Many cases that were previously diagnosed with neurasthenia meet current criteria for depression or anxiety. However, in some cases, the description of neurasthenia is more appropriate than any other neurotic syndrome. In the diagnosis of neurasthenia, depression and anxiety disorders should be ruled out first. Patients with schizophrenia may have symptoms similar to neurasthenia in the early stage, but the pain is not obvious, and the heart is not strong. With the development of the disease course and the emergence of mental symptoms, it is not difficult to identify.
Schizophrenia
Neurasthenia symptoms may appear in the early and remission stages of schizophrenia, but patients have indifferent attitudes to their disease, no urgent treatment requirements, and corresponding psychiatric symptoms can be identified;
2. Depression
Differential diagnosis is often difficult, especially in patients with mild depression, which is often misdiagnosed as neurasthenia. Because depression patients often suffer from insomnia, fatigue, lack of concentration, lack of energy, and various physical discomforts. The two types of symptoms are similar, and physical examinations have no corresponding positive signs. Depression in patients who ignore the examination often leads to misdiagnosis. Therefore, depression must be ruled out in the clinical diagnosis of neurasthenia. Depression patients show low mood, loss of happiness, loss of interest in daily life, self-blame, self-sin, and often negative suicide ideas. The patient's symptoms can show rhythmic fluctuations in the morning and night. Early awakening is a feature of sleep disorders in depression. The course of depression can be relieved periodically.

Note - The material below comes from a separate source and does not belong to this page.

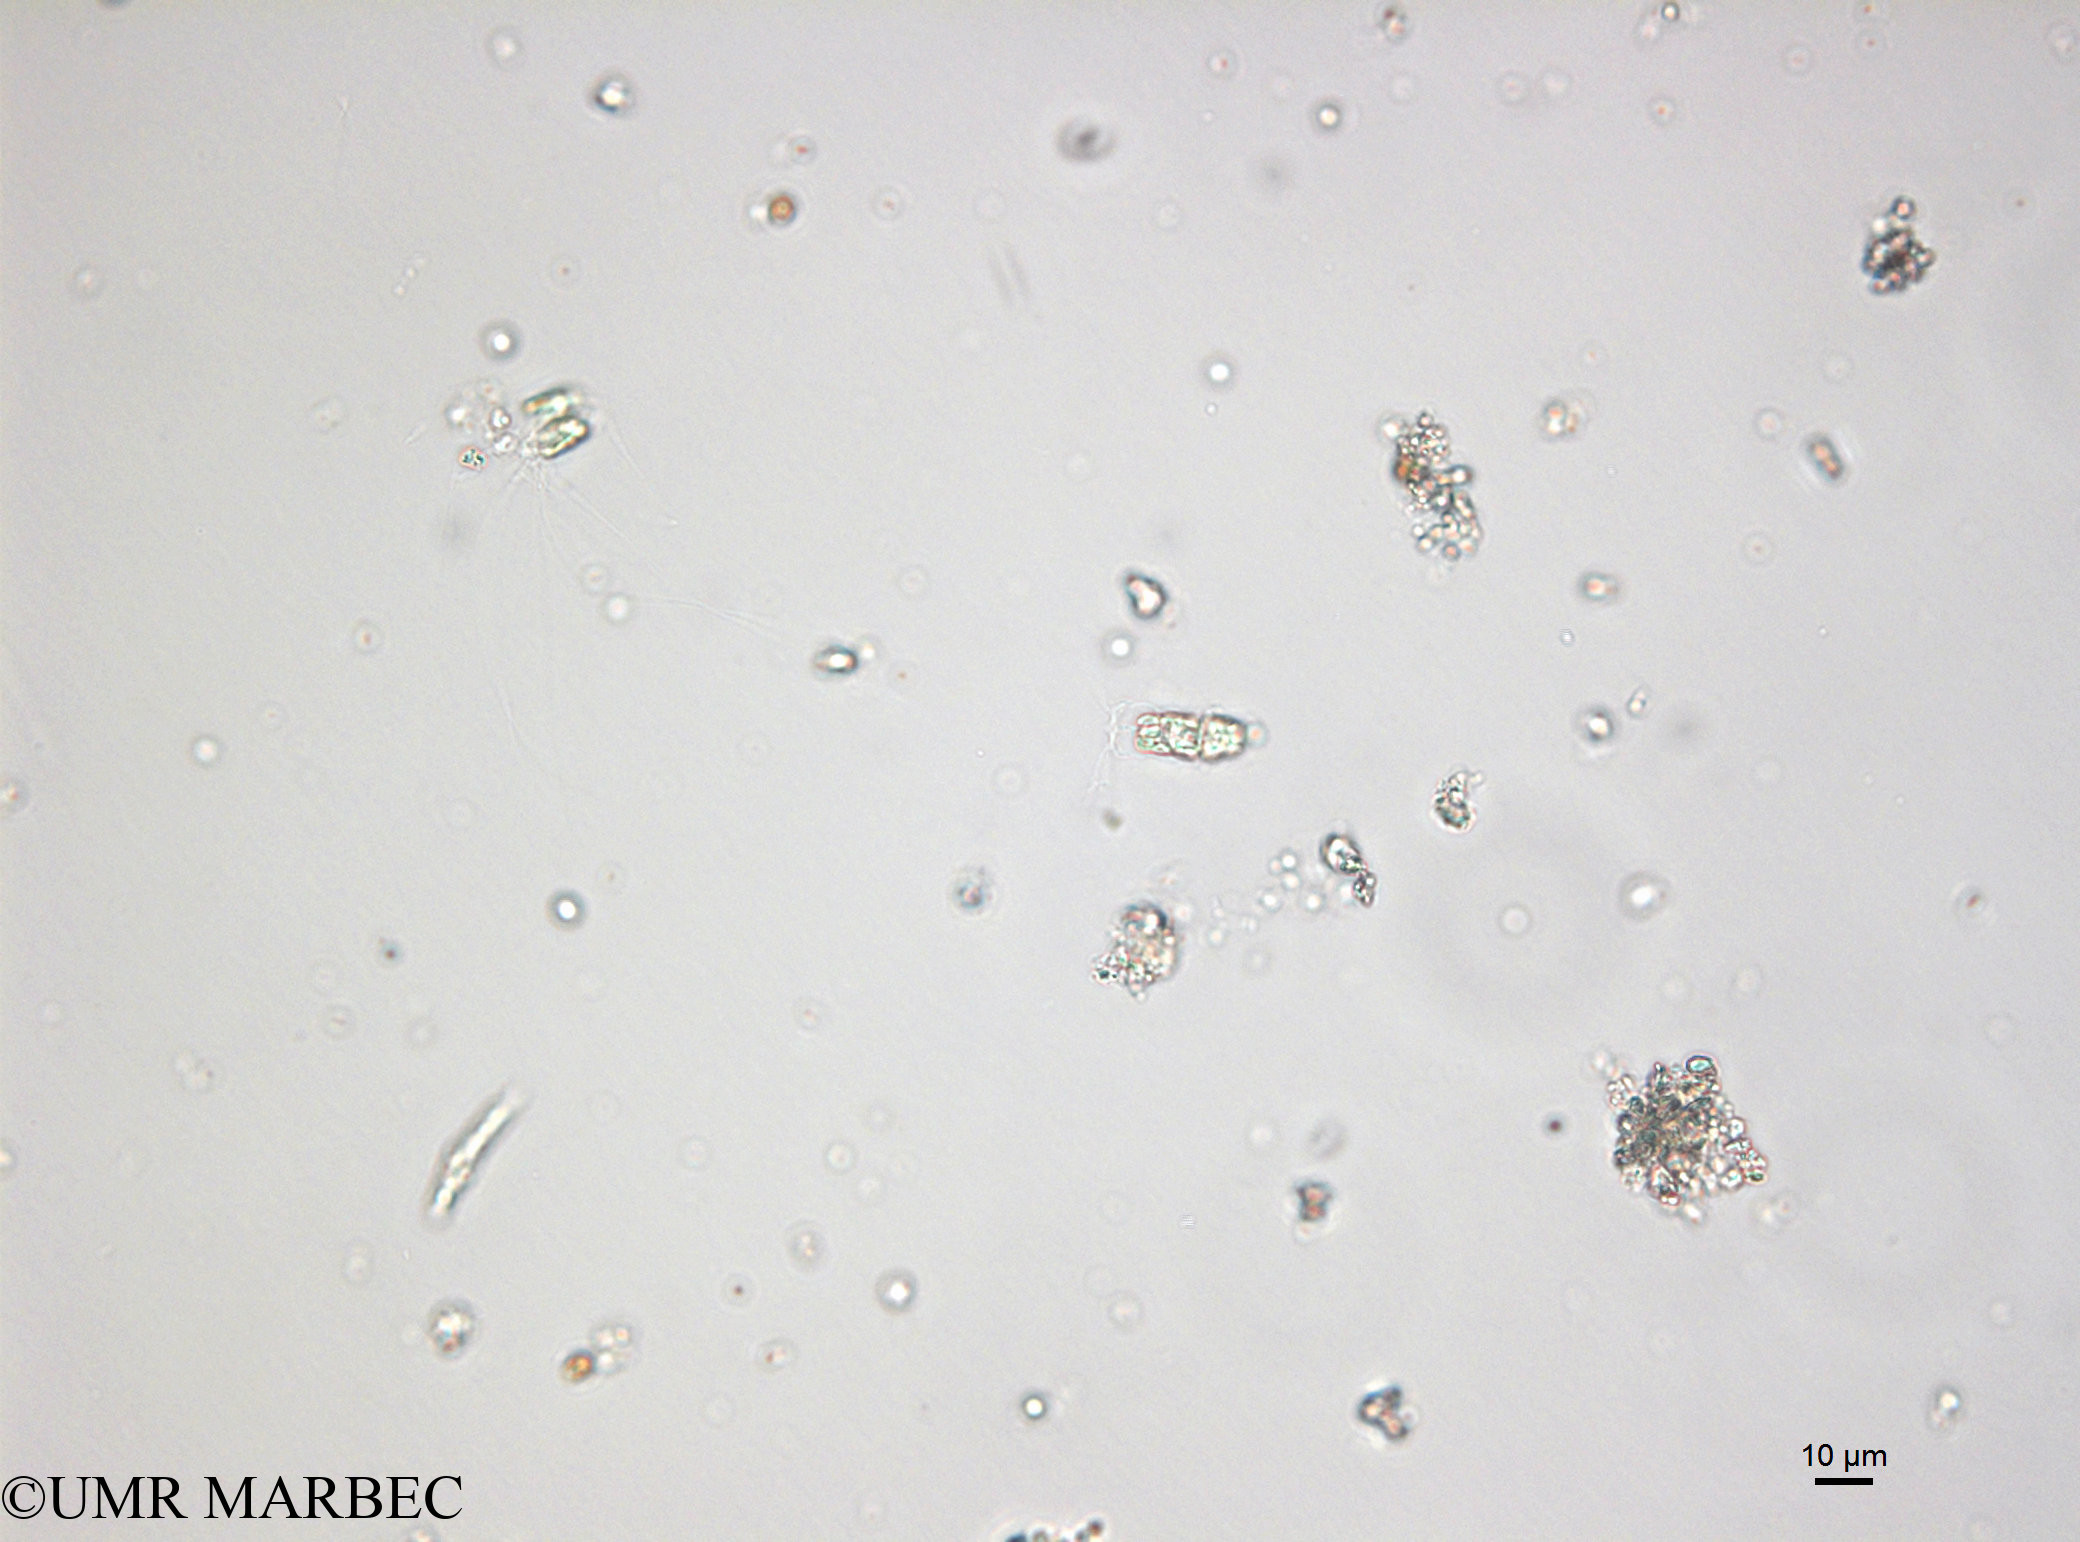 phyto/Bizerte/bizerte_bay/RISCO April 2014/Bacteriastrum sp10 (ancien B. sp4 -150109_001_ovl-6)(copy).jpg

3. Chronic fatigue syndrome
It is a group of obstacles whose main performance is fatigue and cannot be solved by rest. Syndrome that lasts for more than six months and no medical or psychiatric diseases causing fatigue are found, often accompanied by low fever, sore throat, lymph node pain, muscle weakness, muscle pain, joint pain, bloating pain, psychosocial symptoms of persistent fatigue (such as Irritability, forgetfulness, lack of concentration, difficulty thinking, depression, etc.), sleep disorders (expressed as excessive sleep or insomnia). Physical examination revealed low fever (37.6 ° C-38.6 ° C), non-exudative pharyngitis, and enlarged and tender lymph nodes in the front and back of the neck or pharyngeal isthmus. Objective signs such as low fever, sore throat, enlarged lymph nodes, and tenderness are helpful in distinguishing from neurasthenia.

Neurasthenia Treatment

The treatment principle of this disease is that after detailed examination and elimination of organic diseases, the application of psychological therapy, behavioral therapy, combined with drugs and physical therapy can achieve better results. Anti-anxiety and anti-depression drugs can improve anxiety and depression in patients, relax muscles and eliminate some physical discomfort. Other treatments include physical exercise, travel recuperation, adjustment of unreasonable learning and working methods, etc. It may be a good way to get rid of the troubled situation, improve tension, and relieve mental stress. Supportive and interpretive psychotherapy can help patients understand the nature of the disease and eliminate secondary anxiety.